これらのいずれの場合も、ごみ除け部材90Eは、筒状部53aの内周部に接していても良くなる。
また、これらのいずれの場合も、ごみ除け部材90Eを絞り部53Cの筒状部53aよりも上側に配置すれば、筒状部53aの内径よりも大きなごみ除け部材90Eをドレン部材30Eに取り付けることが可能となる。この場合も、ごみ除け部材90Eを排水枡部本体25の内面に接するように拡げることが可能である。
【0113】
なお、本発明の技術的範囲は前記実施形態に限定されるものではなく、本発明の趣旨を逸脱しない範囲において種々の変更を加えることが可能である。
【0114】
前記実施形態では、排水枡部20内において吸引孔82の上方にごみ除け部材90を設けた例について説明したが、ごみ除け部材90を設けなくてもよい。

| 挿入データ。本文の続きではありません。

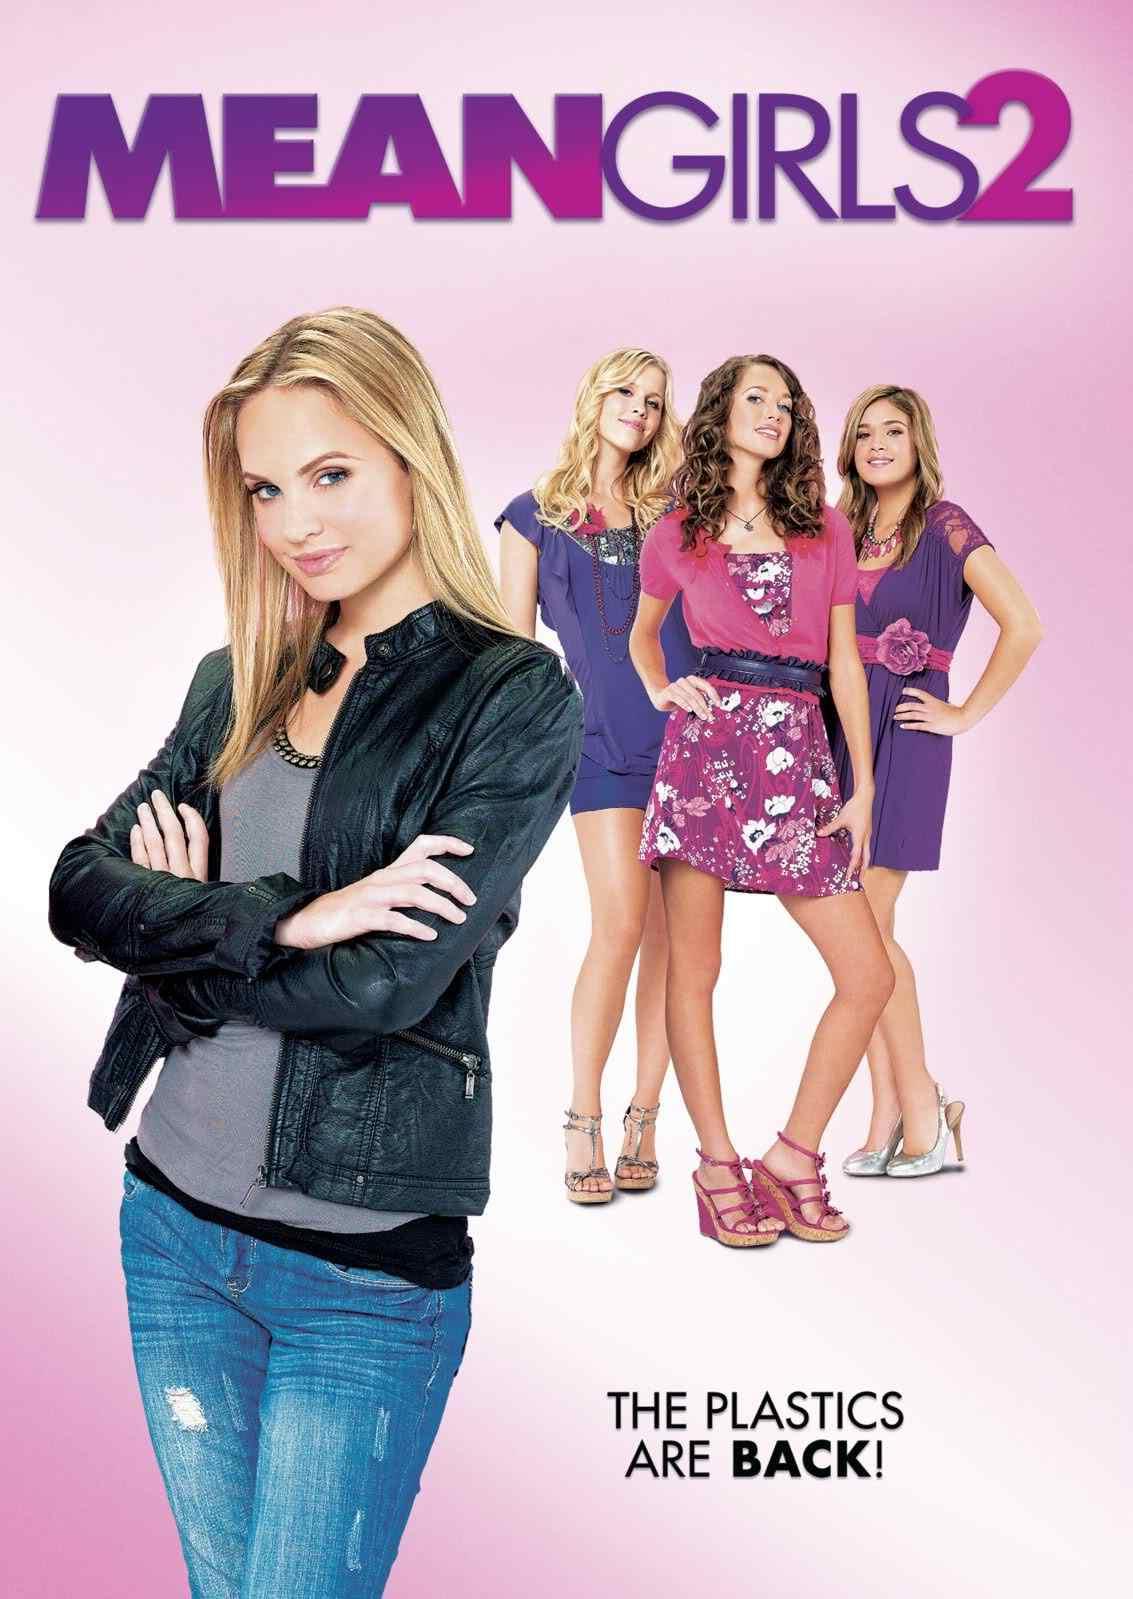 http://3.bp.blogspot.com/_fCAtMdq3Ayo/TT1zMGo0cRI/AAAAAAAAB_g/zOi9rtARxho/s1600/Mean_Girls_2.jpg

前記実施形態では、絞り部53の筒状部53a内にで、かつ吸引孔82の上方に集水管100を設けた例について説明したが、集水管100を設けなくてもよい。
【0115】
その他、本発明の趣旨に逸脱しない範囲で、前記実施形態における構成要素を周知の構成要素に置き換えることは適宜可能であり、また、前記した変形例を適宜組み合わせてもよい。
【符号の説明】
【0116】
1…排水構造、20…排水枡部(枡)、30…ドレン部材、53b…底面(底板)、80…配管(管)、80a…配管の上端、82…吸引孔、90…ごみ除け部材、100…集水管。